Effects of Ethylene on Secondary Xylem Formation in Arabidopsis thaliana

Ethylene has myriad roles as a plant hormone, ranging from senescence and defending against pathogen attacks to fruit ripening and interactions with other hormones. It has been shown to increase cambial activity in poplar, but the effect on wood formation in Arabidopsis hypocotyl has not previously been studied. The Auxin-Regulated Gene involved in Organ Size (ARGOS), which increases organ size by lengthening the time for cell division, was found to be upregulated by ethylene. We tested the effect of ethylene treatment at 10 and 100 µM ACC on three genotypes of Arabidopsis, Col0 (wild-type), an ARGOS deficient mutant (argos), and ein3-1, an ethylene insensitive mutant.

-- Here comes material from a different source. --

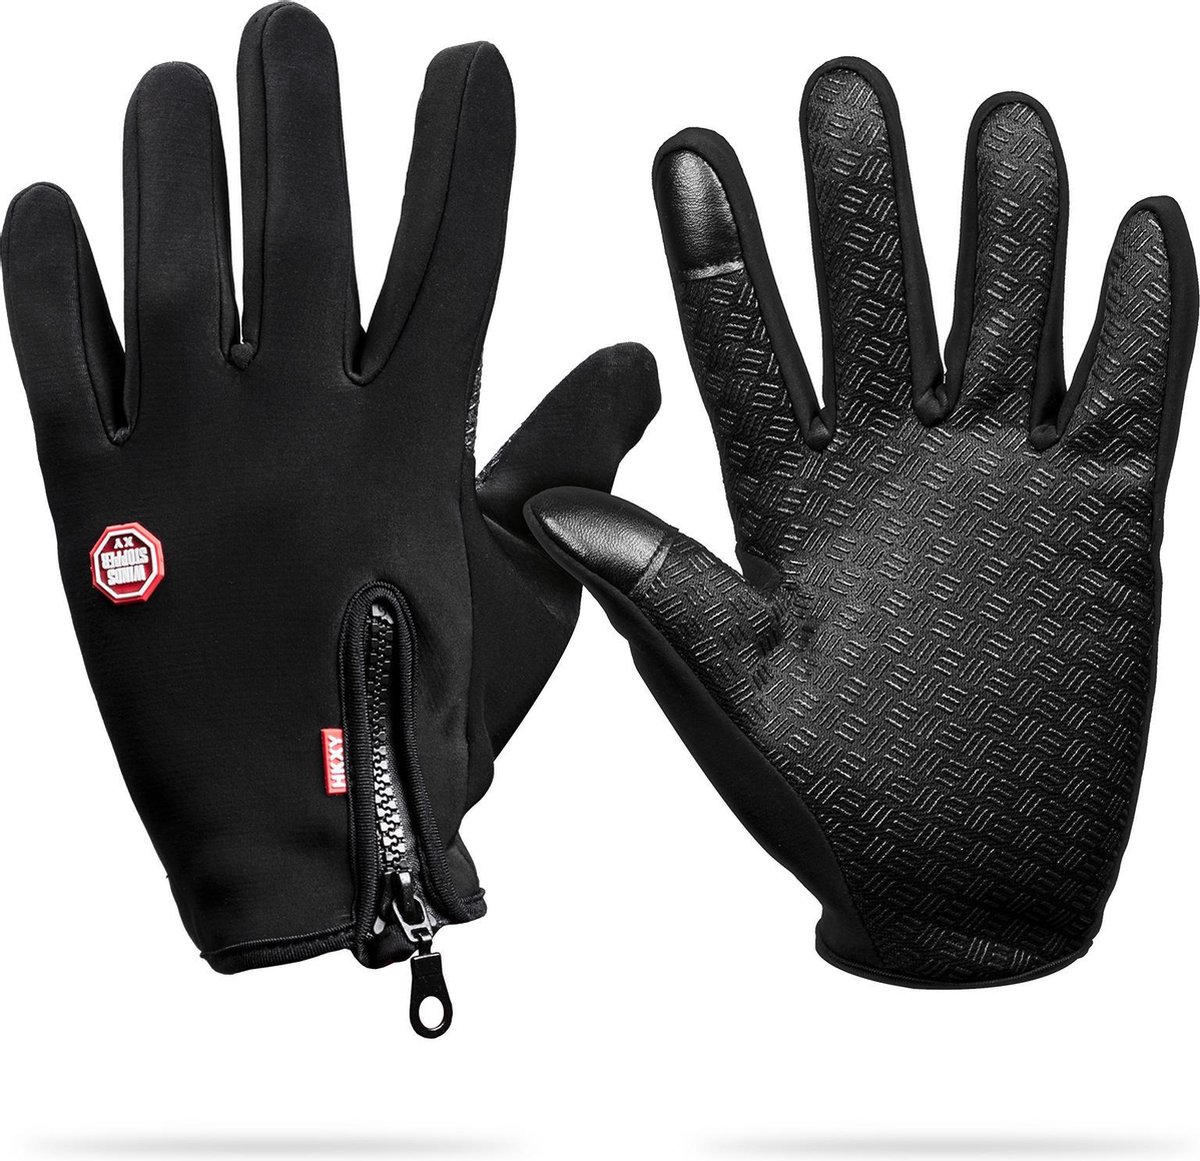 Waterafstotend & Windproof Thermische Touchscreen Handschoenen I Zwart I SMALL - Merkloos

ARGOS expression analysis with qPCR indicated that ACC does induce ARGOS and ARGOS-LIKE (ARL) in the hypocotyl. As seen in poplar, ethylene also decreases stem elongation.Histochemical staining, showed that ethylene changes the way secondary xylem lignifies, causing gaps in lignification around the outer edge of secondary xylem. Our results also implied that ethylene treatment changes the proportion of secondary to total xylem, resulting in less secondary, whereas in poplar, ethylene treatment caused an increase.